--- DATA ---
= = = = =
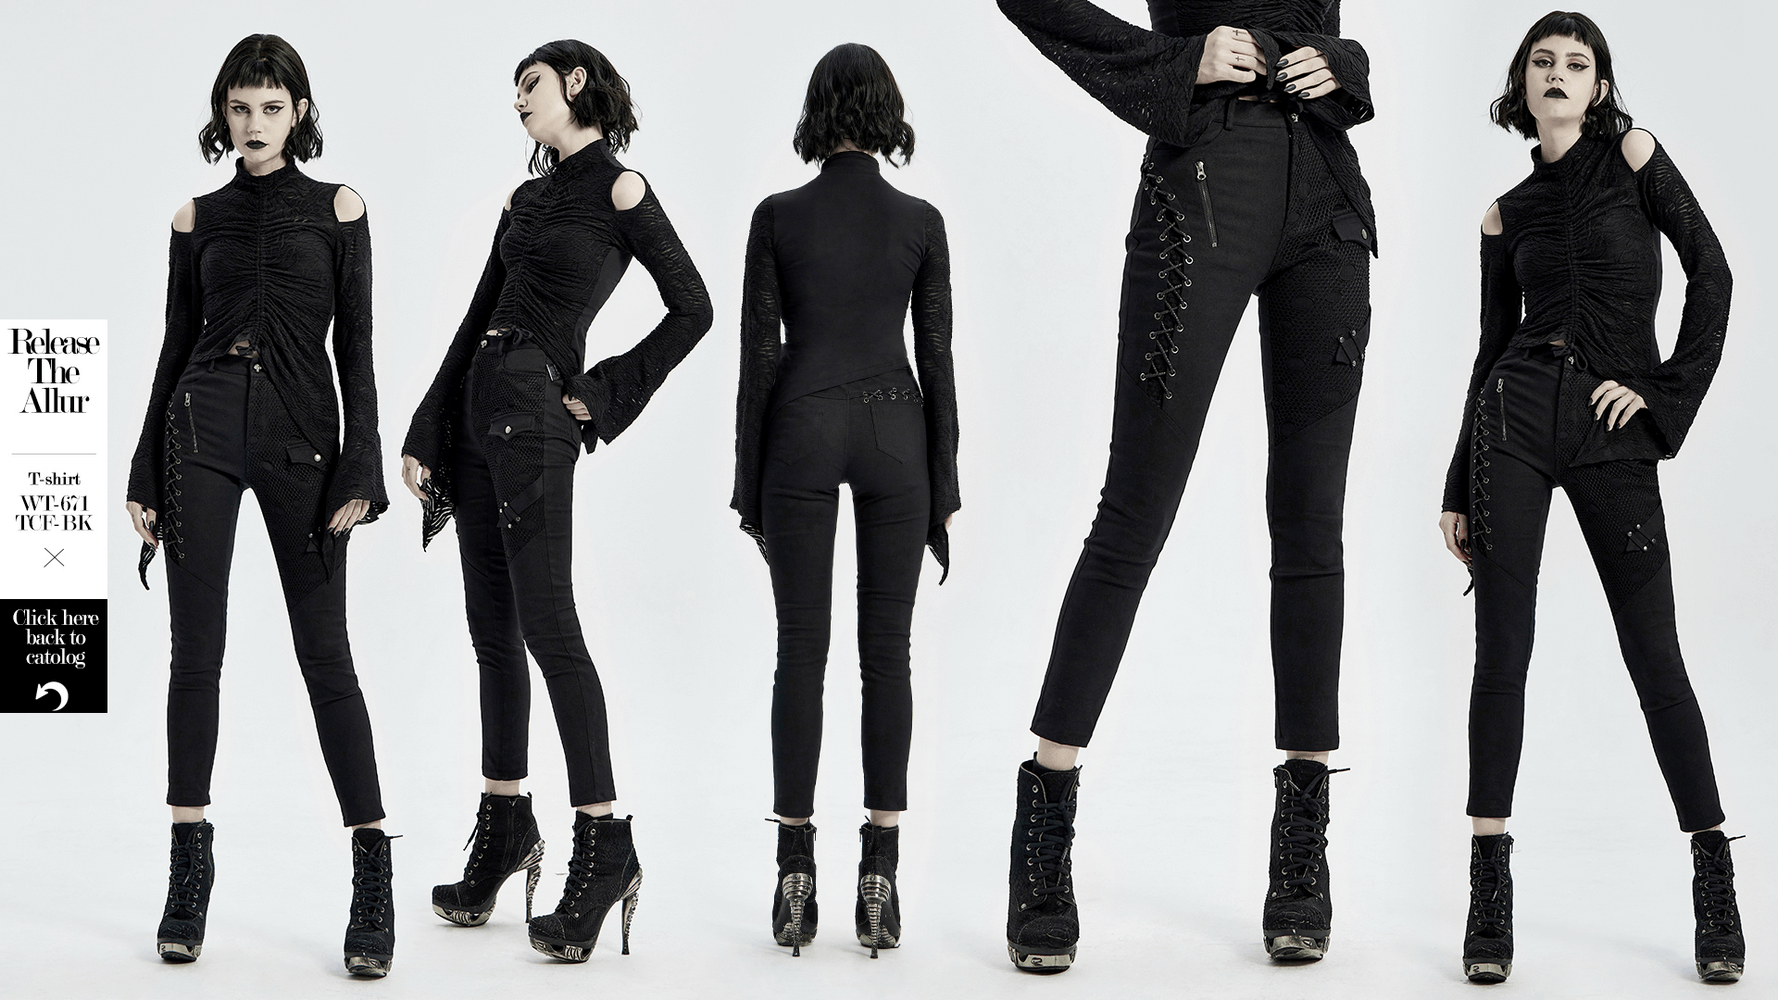 Stylish Gothic Lace-Up Side Detail Skinny Pants
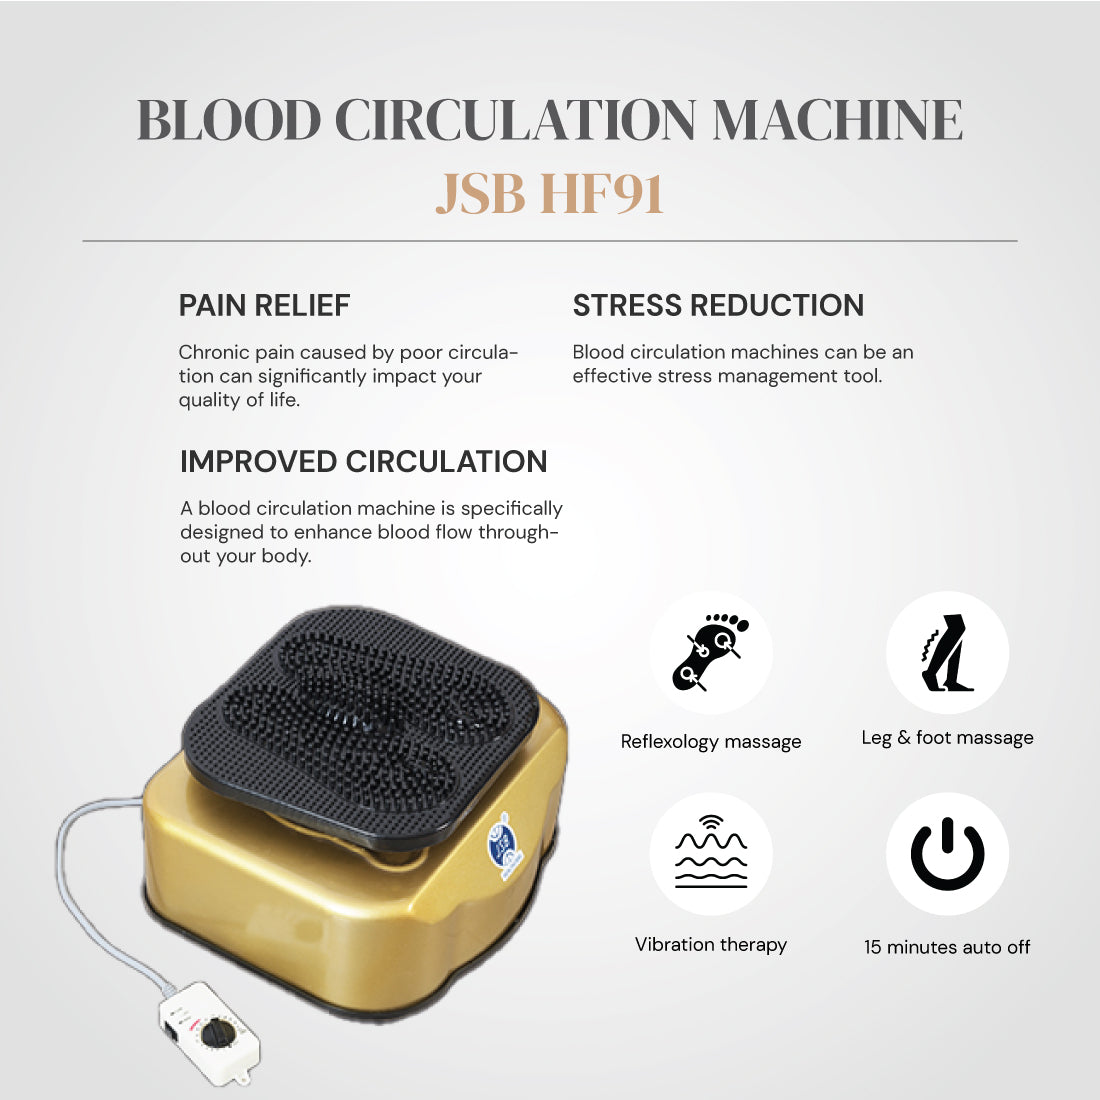 blood circulation machine jsb hf91 pain relief
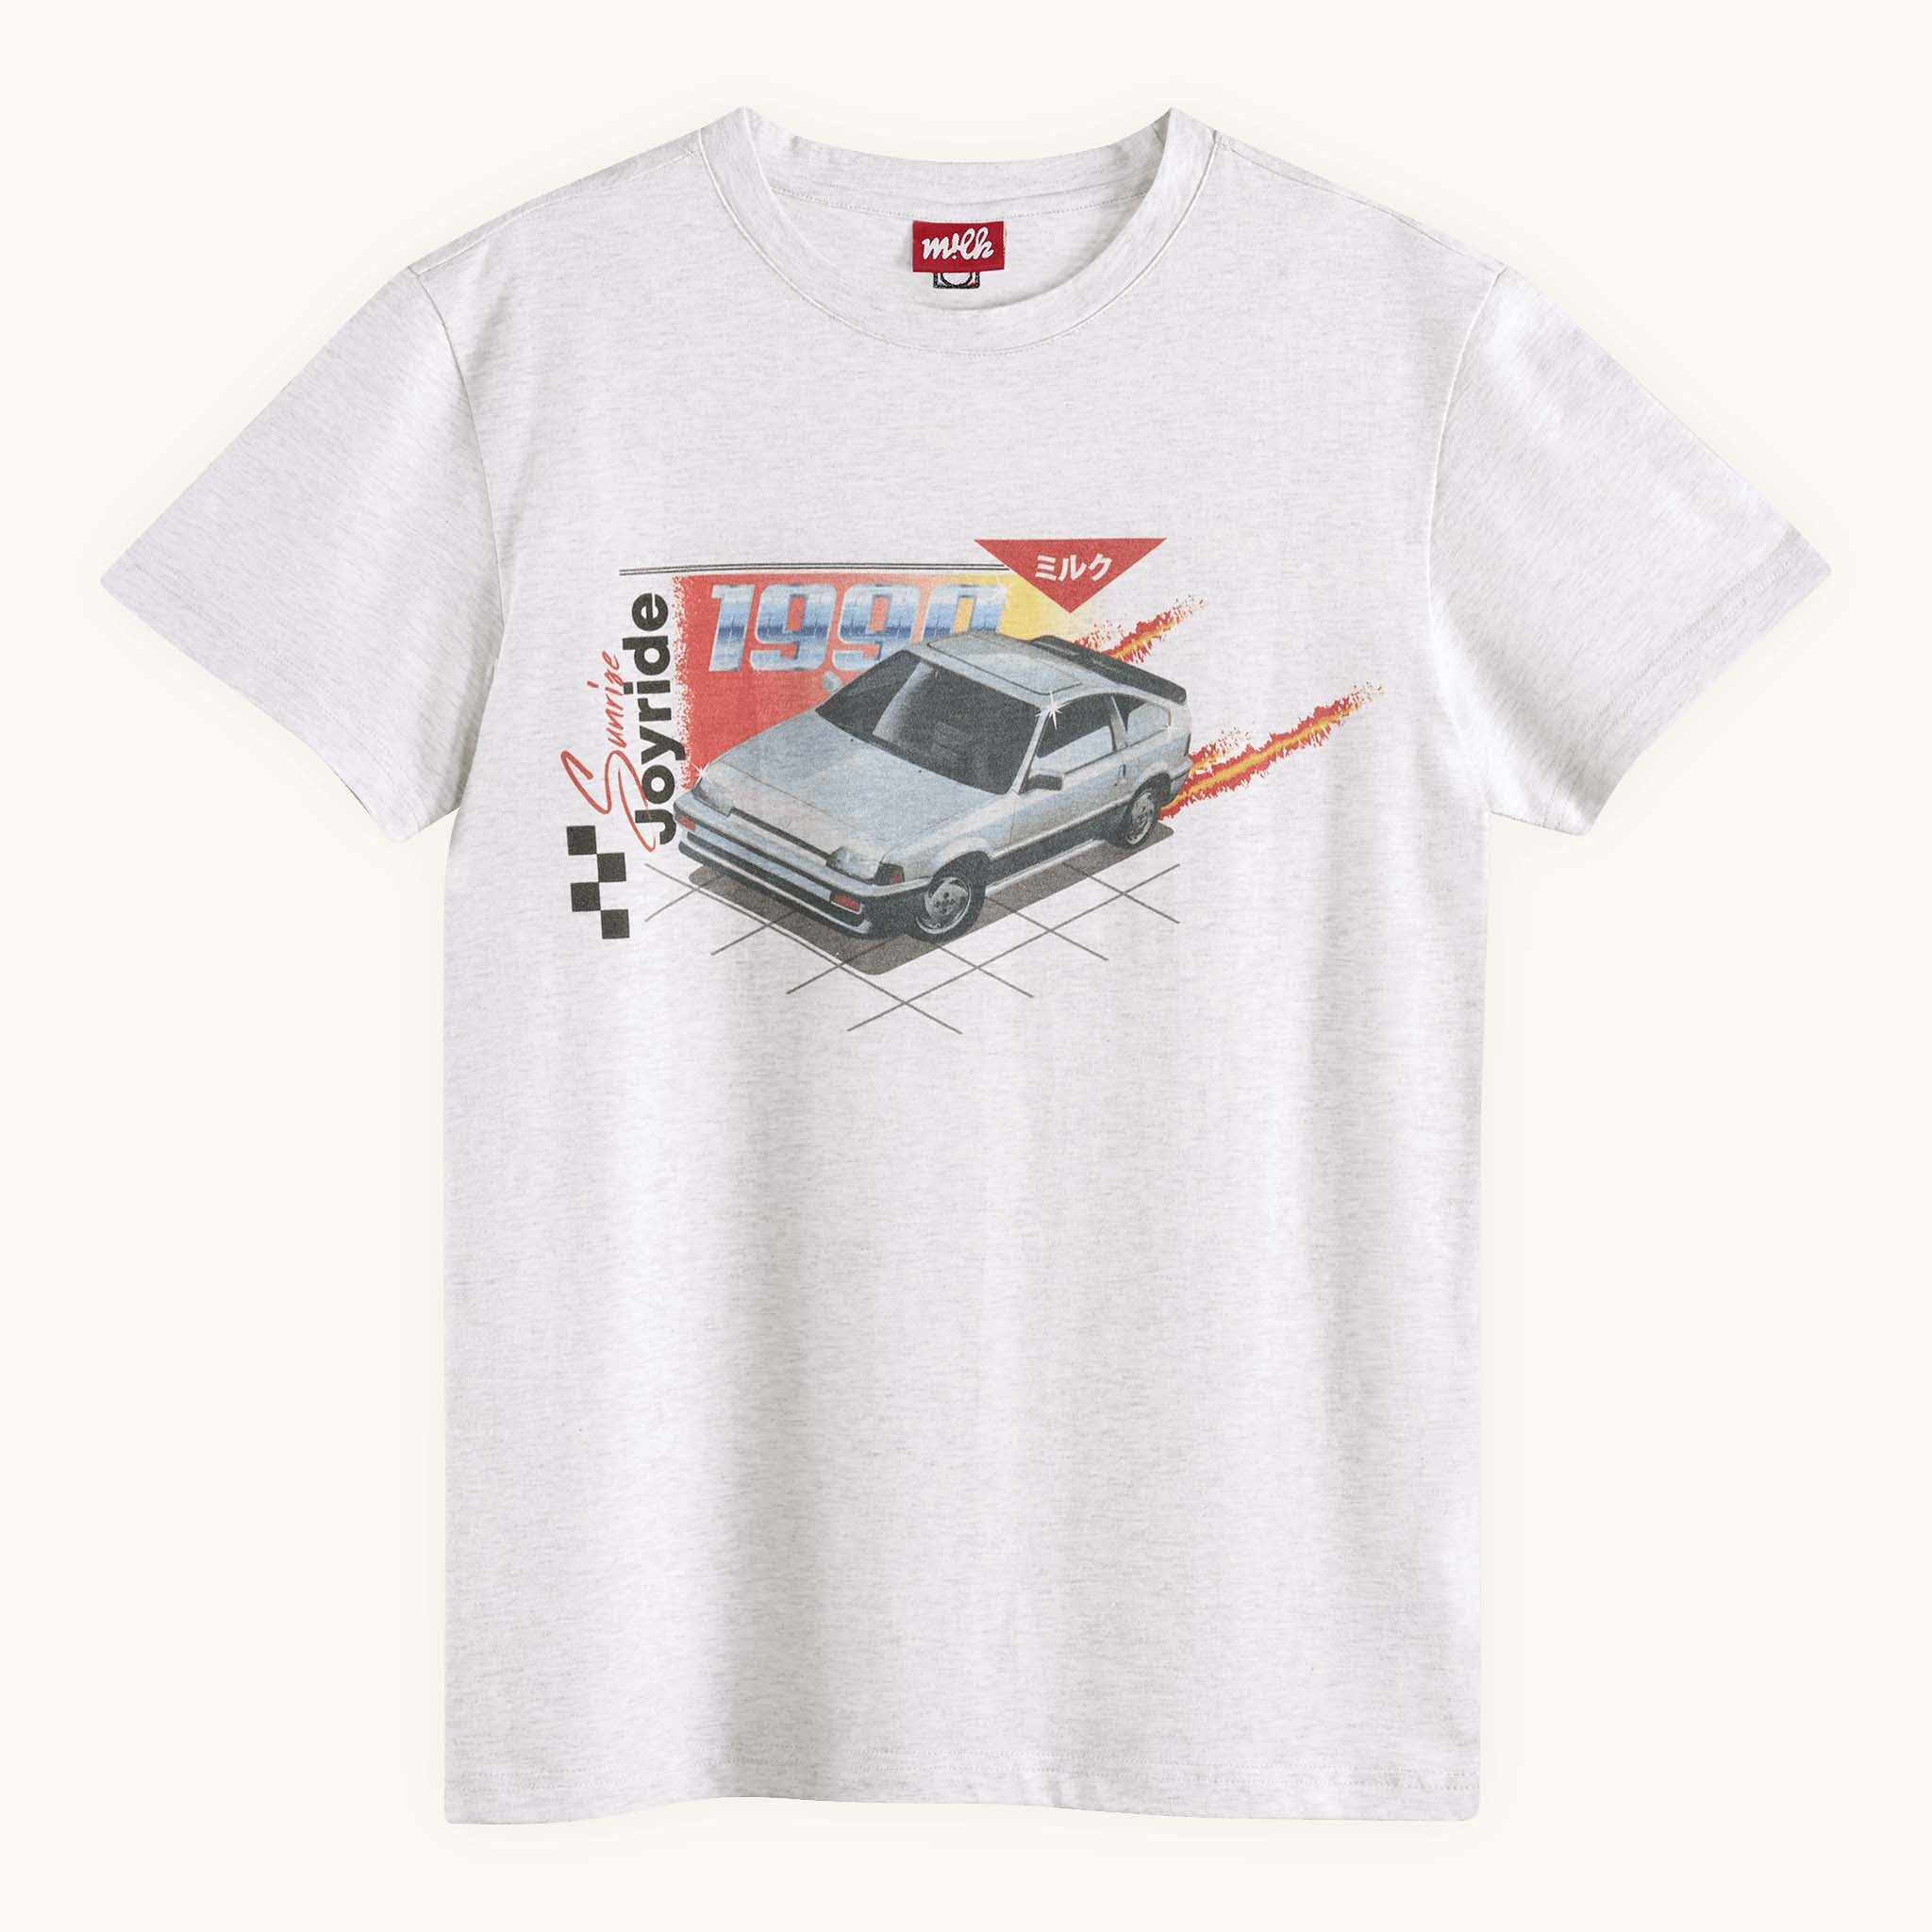 mens white printed vintage style car t-shirt
= = = = =
--- THE TASK ---
Give back the material above exactly as it appears, minus the pictures.

--- ANSWER TO THIS TASK ---
 Stylish Gothic Lace-Up Side Detail Skinny Pants
 blood circulation machine jsb hf91 pain relief
 mens white printed vintage style car t-shirt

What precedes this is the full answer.